Step 2: Map the matrix α to a sampling matrix β. Supposing (xα,yα,zα) is an element of α, the element of β becomes

{\begin{array}{l} (x_{β}, y_{β}, z_{β}) = (x_{α}, y_{α}, z_{α}) \cdot ω \\ ω = (\begin{matrix} 1 / S_{x} & 0 & 0 \\ 0 & 1 / S_{y} & 0 \\ 0 & 0 & 1 / S_{z} \end{matrix}), \end{array}

(6)

where the mapped address in β can be described as θ with the element obtained from

{\begin{array}{l} θ = (x_{α}, y_{α}, z_{α}) \cdot τ \\ τ = (\frac{1}{S_{x}}, \frac{w}{S_{x} \times S_{y}}, \frac{w \times l}{S_{x} \times S_{y} \times S_{z}}), \end{array}

(7)

ω and τ in Eq. (7) are factors to multiply every element of α.

Step 3: Record the weights of certain coordinates which are mapped into the same locations.

Let (x,y,z) be a coordinate after sampling, which are mapped from σ (a region of sampling lattice).

\begin{array}{l} σ \in & {([x \times S_{x}], [y \times S_{y}], [z \times S_{z}]), \\ ([(x + 1) \times S_{x}], [(y + 1) \times S_{y}], \\ [(z + 1) \times S_{z}])} . \end{array}

(8)

In this step, the coordinates in σ is stored at the same location with δ(x, y, z) recording their amounts.

Step 4: Filter the coordinates from β, with the weights of no less than a weight factor.

Supposing that the weights were defined as the proportional amounts of the sampling unit which is 0.5, the filtered coordinate matrix γ can be selected from β with the condition of

δ (x, y, z) > 0.5 \times S_{x} \times S_{y} \times S_{z} .

(9)

The resultant coordinate matrix γ can also be stored on disk as file format in sequential order.

C. Hybrid voxel sampling

The nearest sampling is a fast way to reduce the data size. However, it is not recommended to use this sampling method on some smaller data because of serious accuracy losses. In this paper, we combine it with the weighted sampling as a two-step hybrid sampling algorithm. In the hybrid sampling, the sampling unit is divided into smaller lattices for the nearest sampling, and then the smaller lattice can be assighed with weights for the weighted sampling.

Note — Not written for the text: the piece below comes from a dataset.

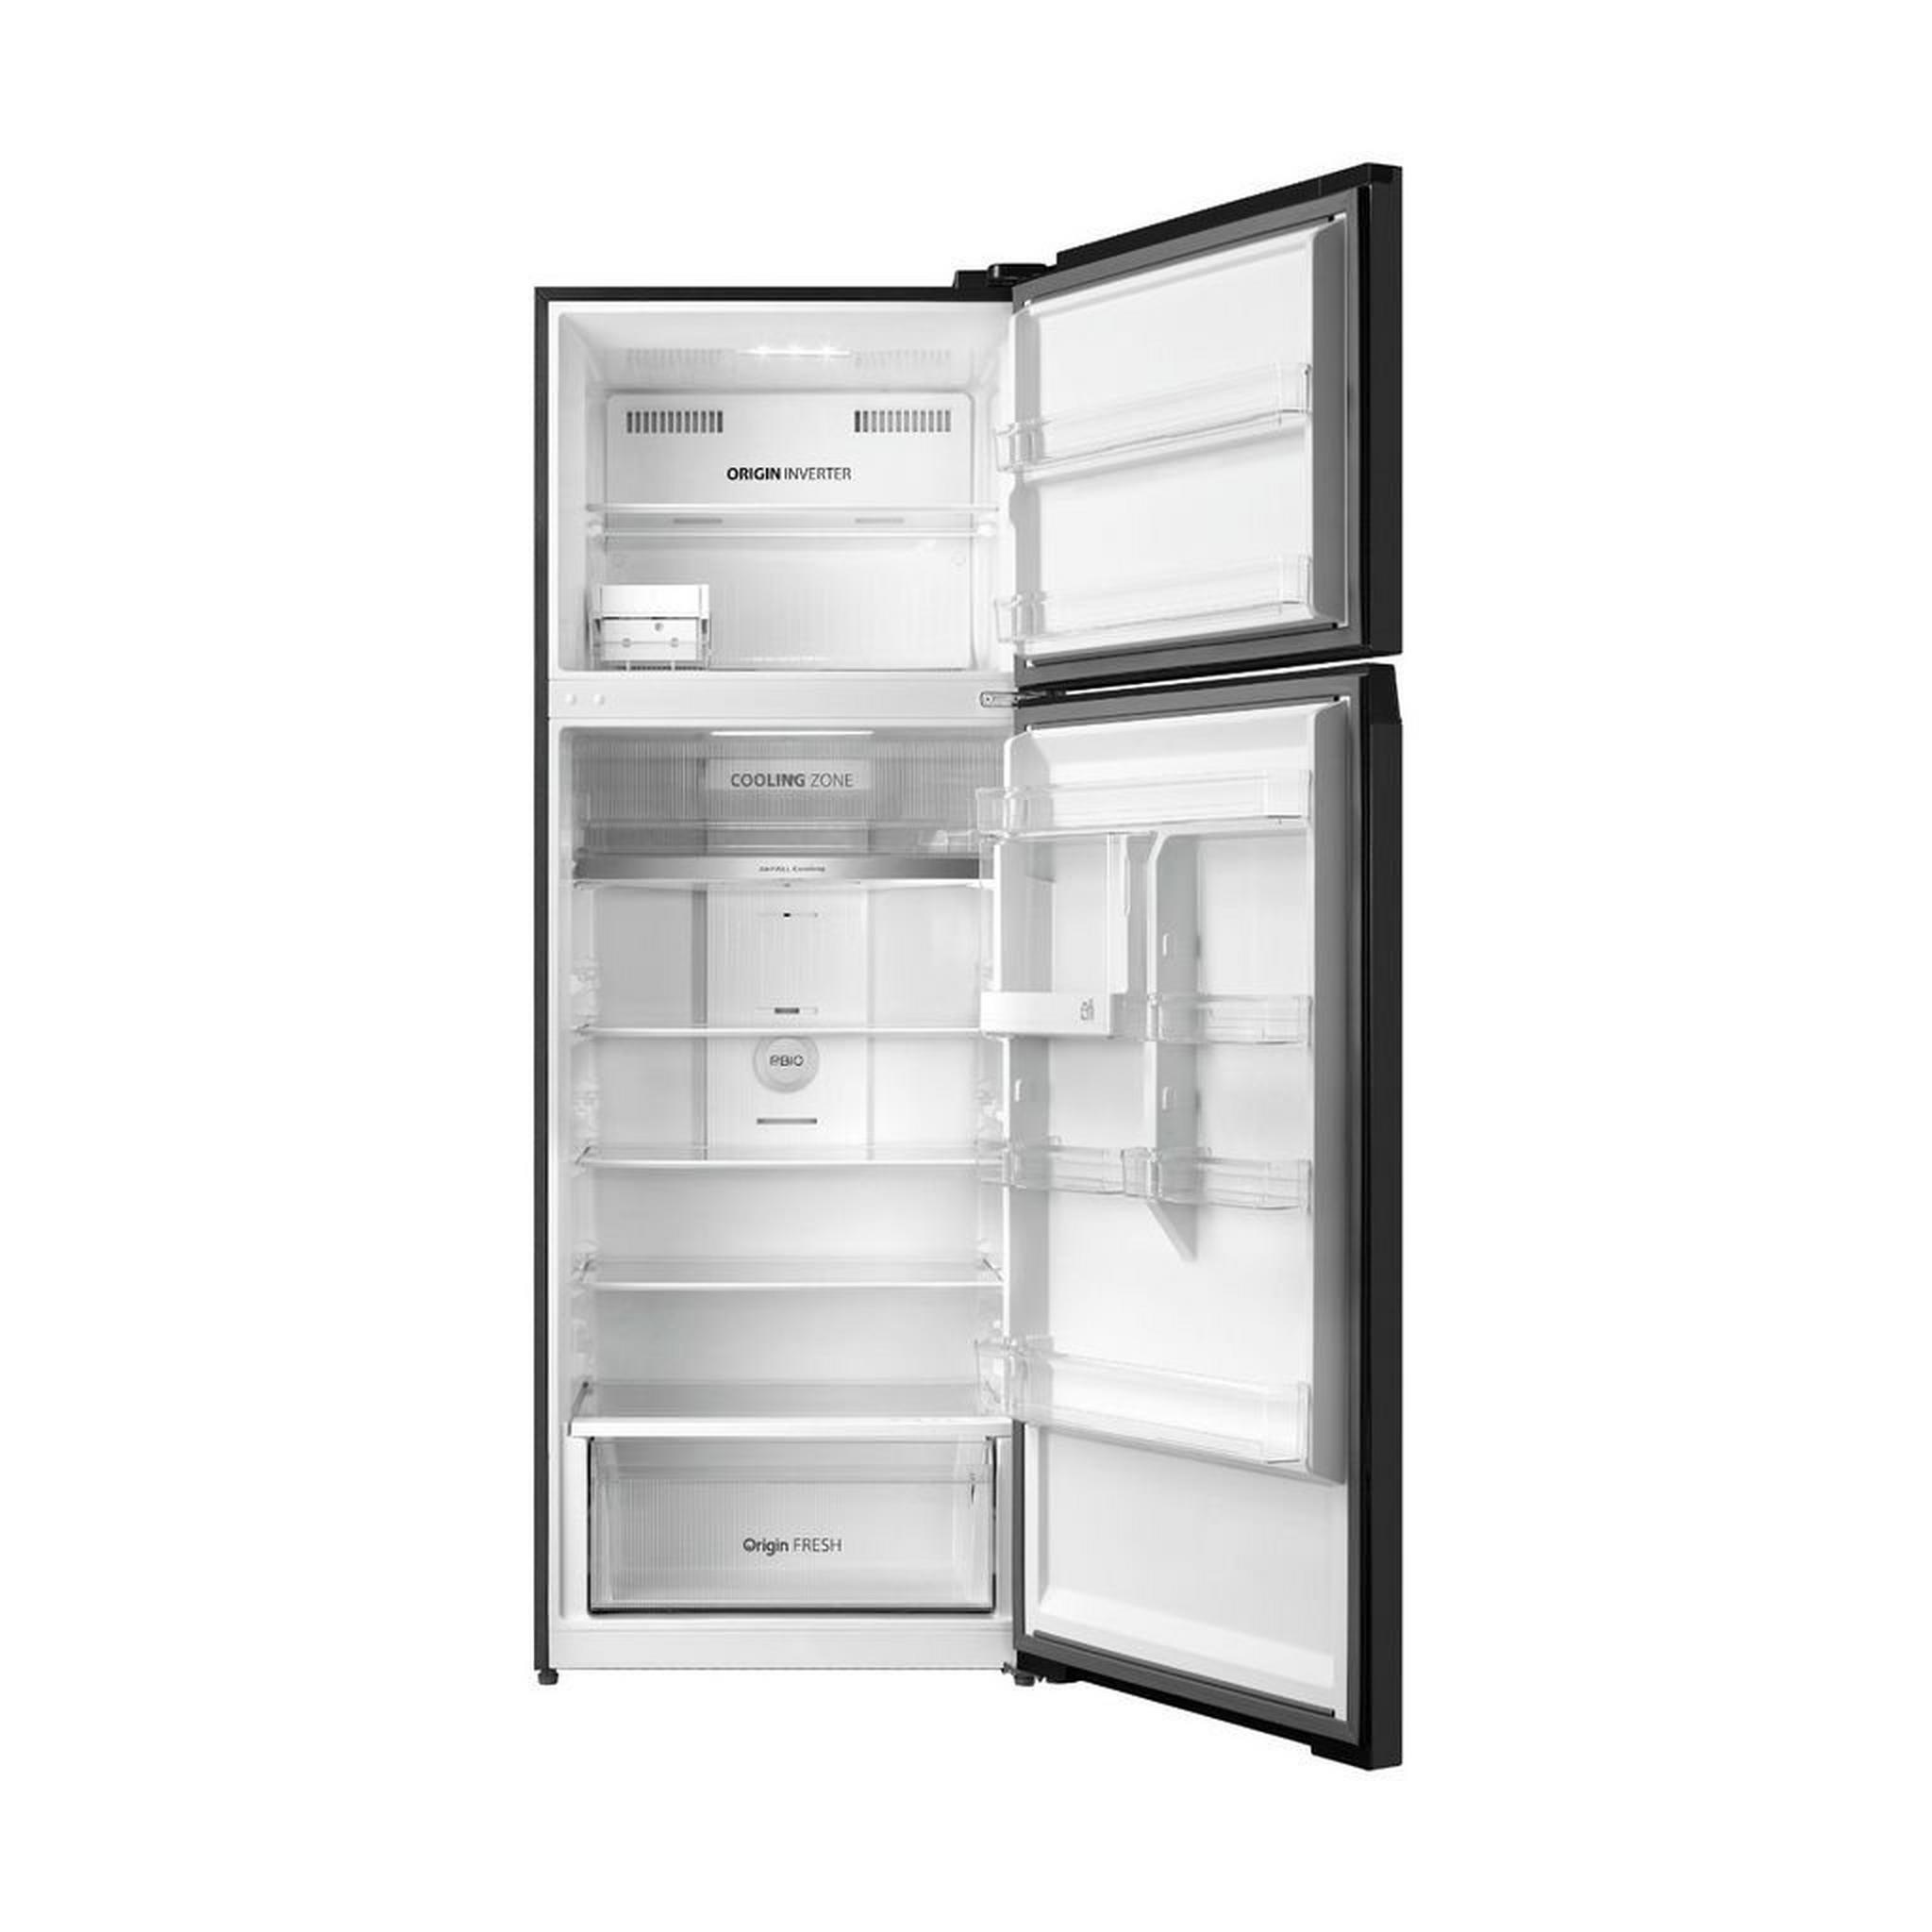 Toshiba Top Freezer Refrigerator + Whirlpool Front Load Washing machine +  Lagermania Gas Cooker

To that end, the enlargement factor of (Sx, Sy, Sz) was divided into (Nx, Ny, Nz) and (Px, Py, Pz) for the nearest sampling and the proportional sampling, respectively.

(P_{x}, P_{y}, P_{z}) = (\frac{S_{x}}{N_{x}}, \frac{S_{y}}{N_{y}}, \frac{S_{z}}{N_{z}})

(10)

Using an enlargement factor of (Nx, Ny, Nz) for the nearest sampling, the original coordinate matrix can be obtained according to Eq. (5) where

α_{i, j, k} = {\begin{array}{l} d_{i, j, k}, \exists F (d_{[i \times N_{x}], [j \times N_{y}], [k \times N_{z}]}) \\ 0, ∄ F (d_{[i \times N_{x}], [j \times N_{y}], [k \times N_{z}]}) . \end{array}

(11)

In order to combine the nearest sampling with the weighted sampling for the hybrid sampling, the factor in Eqs. (6) and (7) for the mapping and locating becomes

ω = (\begin{matrix} 1 / P_{x} & 0 & 0 \\ 0 & 1 / P_{y} & 0 \\ 0 & 0 & 1 / P_{z} \end{matrix})

(12)

and τ = (1/Px, w/(Py × Sx), w × l / (Pz × Sx × Sy)), respectively.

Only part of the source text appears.